If $c=0$ then the series obviously diverges (as it is then identical to harmonic series). I think it then follows by direct comparison test that the series also diverges for $c>0$.
I therefore guess that the series is divergent for any $c$ but can't figure out how to prove it precisely.
On
Similar to Simply Beautiful Art's answer, I think that the sum cannot converge.

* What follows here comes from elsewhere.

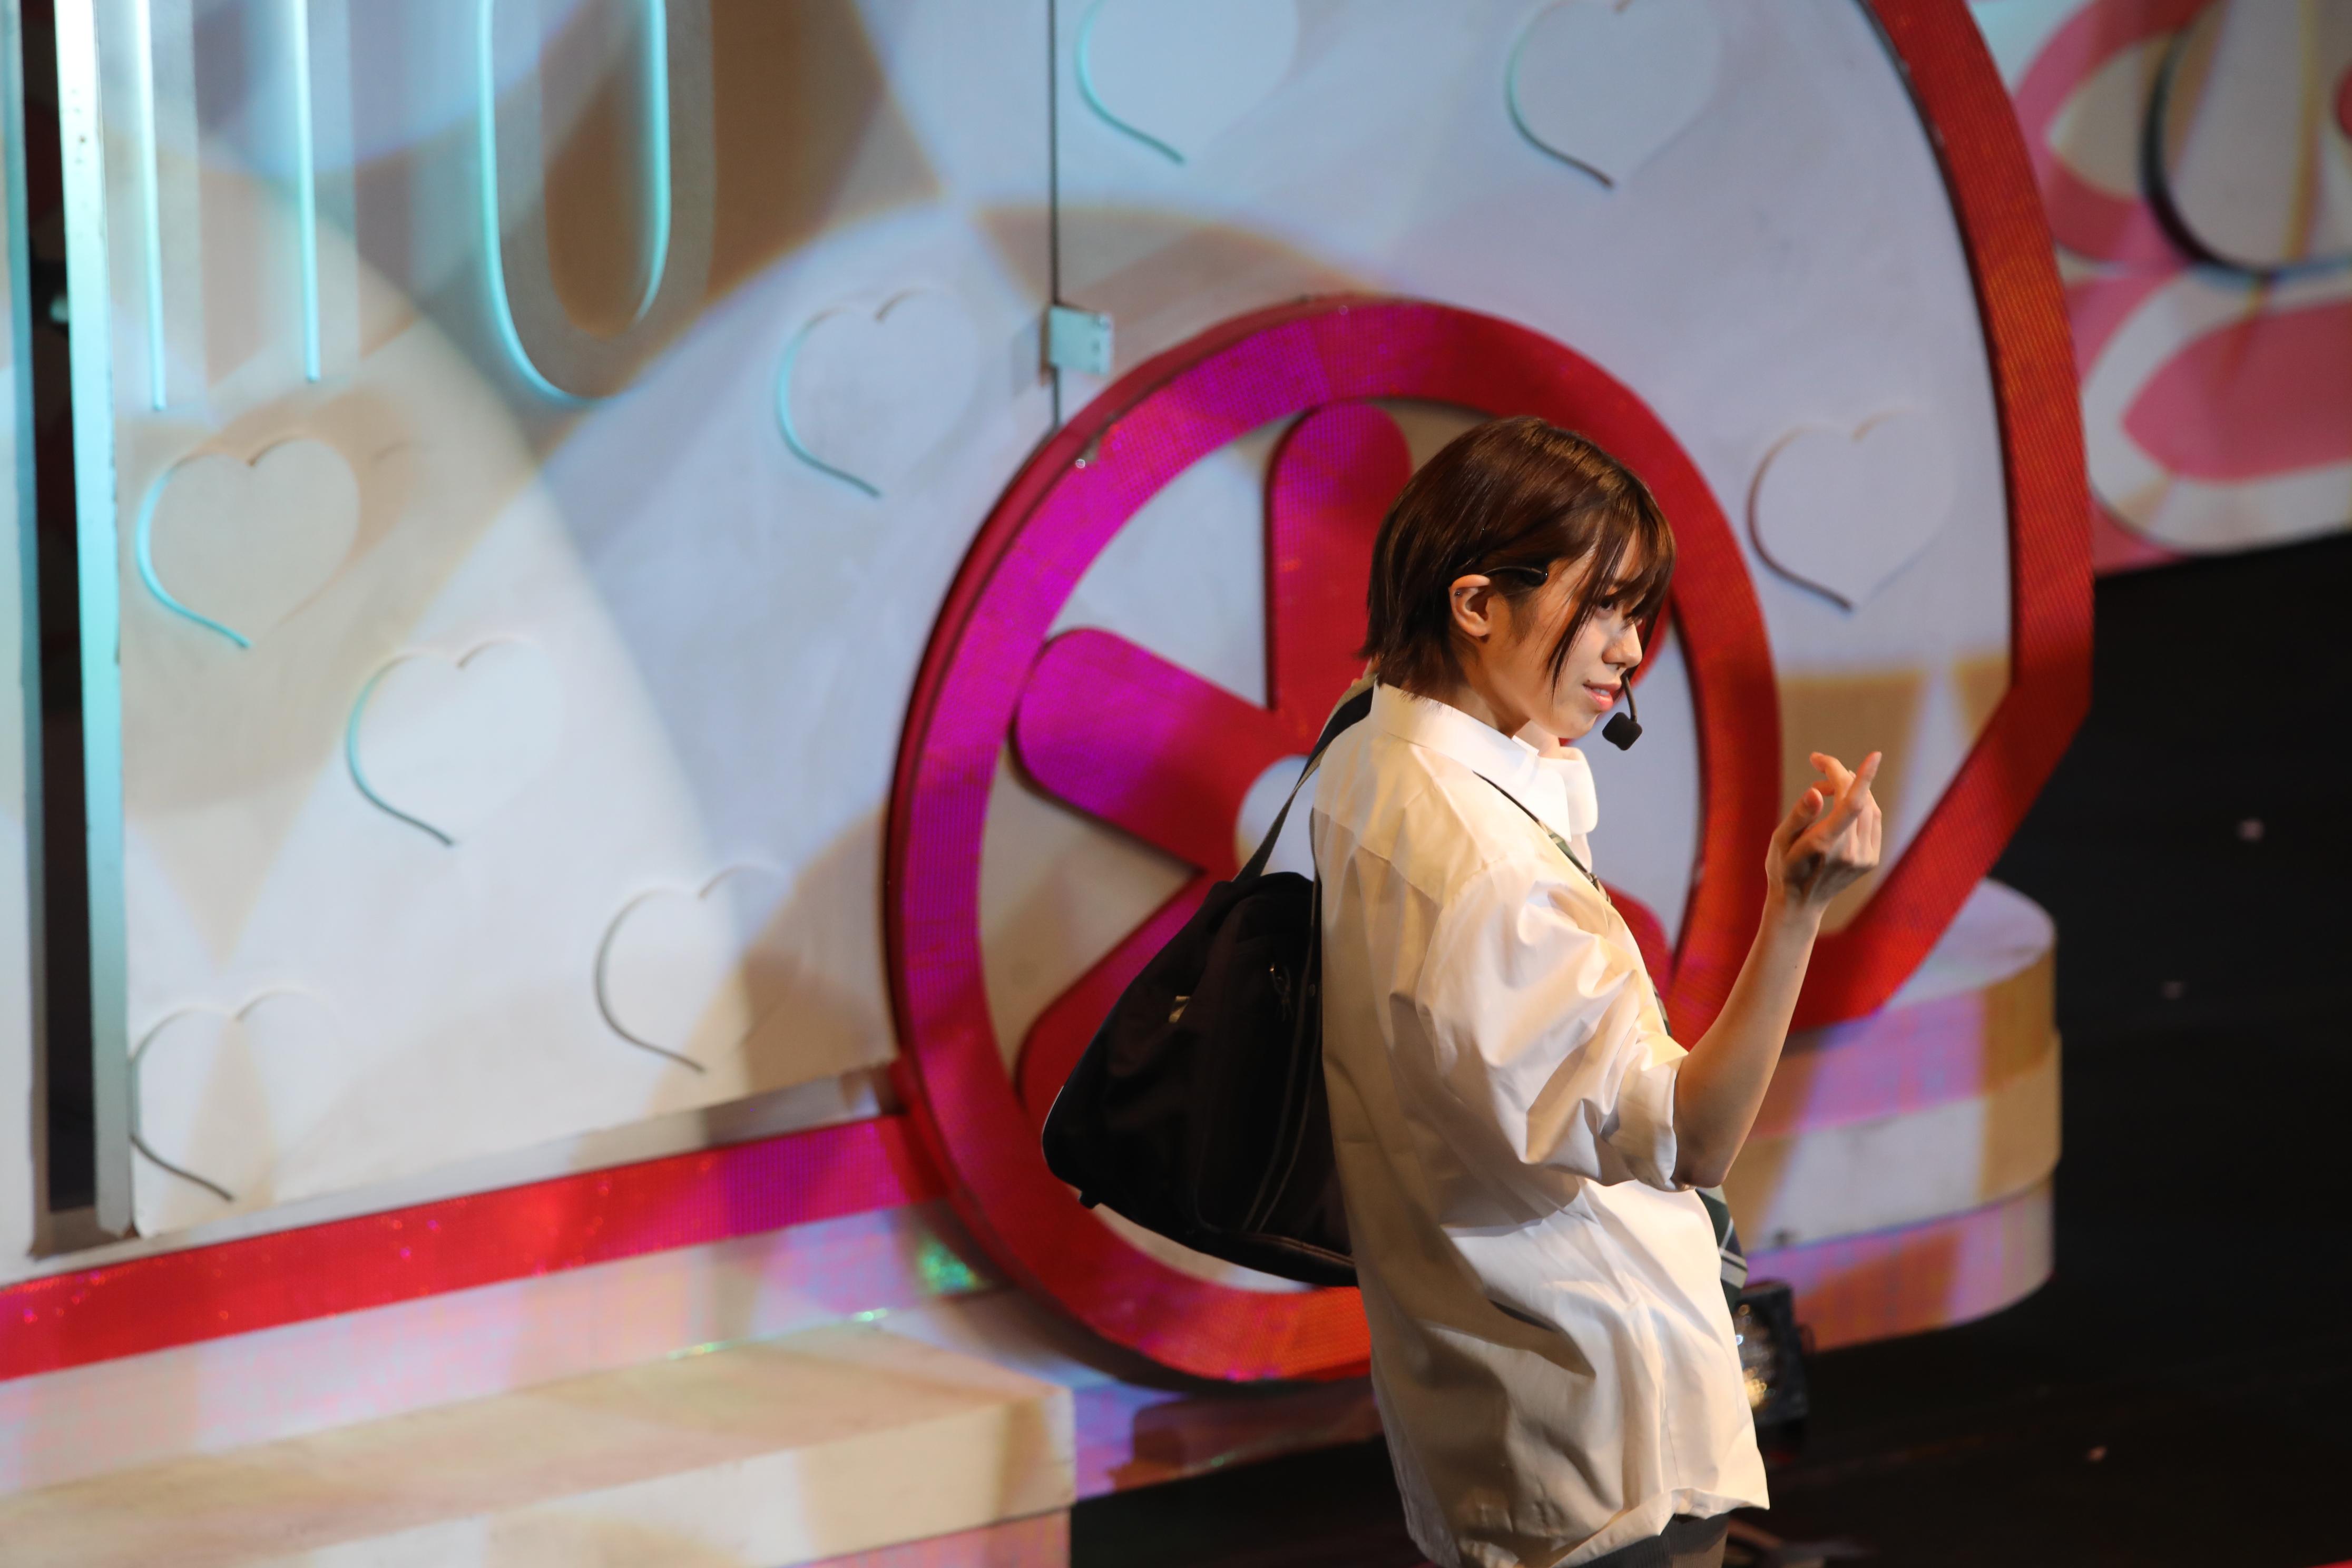 ミュージカル「20年桜」で男子高校生役を演じる大西桃香

Using $$a_k=\frac{k^2-k+c}{k^2}a_{k-1}\qquad \text{with} \qquad a_1=A$$ using Pochhammer symbols $$a_k=A\frac{ \left(\frac{1}{2} \left(\sqrt{1-4 c}+1\right)+1\right)_{k-1} \left(\frac{3}{2}-\frac{1}{2} \sqrt{1-4 c}\right)_{k-1}}{\left((2)_{k-1}\right){}^2}$$ Using Taylor expansion for large values of $k$ $$\log(a_k)=\log \left(\frac{A}{\Gamma \left(\frac{1}{2} \left(\sqrt{1-4 c}+1\right)+1\right) \Gamma \left(\frac{3}{2}-\frac{1}{2} \sqrt{1-4 c}\right)}\right)+\log \left(\frac{1}{k}\right)-\frac{c}{k}+\frac{c^2}{6 k^3}+O\left(\frac{1}{k^5}\right)$$ Applying again for $a_{k+1}$ and continuing with Taylor series $$\log(a_{k+1})-\log(a_k)=-\frac{1}{k}+\frac{c+\frac{1}{2}}{k^2}-\frac{c+\frac{1}{3}}{k^3}+O\left(\frac{1}{k^4}\right)$$ Continuing with Taylor $$\frac{a_{k+1} } {a_{k}}=e^{\log(a_{k+1})-\log(a_k)}=1-\frac{1}{k}+\frac{c+1}{k^2}+O\left(\frac{1}{k^3}\right)$$
The series does not necessarily diverge for all $c$. Consider any $c=n-n^2$ for some natural $n$ and you will find that $a_k=0$ for all $k\ge n$.
For $c$ not of the above form, however, the series does in fact, diverge. Note that we have
\begin{align}a_k&=a_2\prod_{n=2}^k\frac{n^2-n+c}{n^2}\\&=\frac{a_2}k\prod_{n=2}^k\frac{n^2-n+c}{n^2-n}\\&=\frac{a_1}k\exp\sum_{n=2}^k\ln\left(1+\frac c{n^2-n}\right)\\&\sim\frac{a_1}k\exp\sum_{n=2}^k\frac c{n^2-n}\\&=\frac{a_1}k\exp\left(c-\frac ck\right)\end{align}
which diverges by the limit comparison test.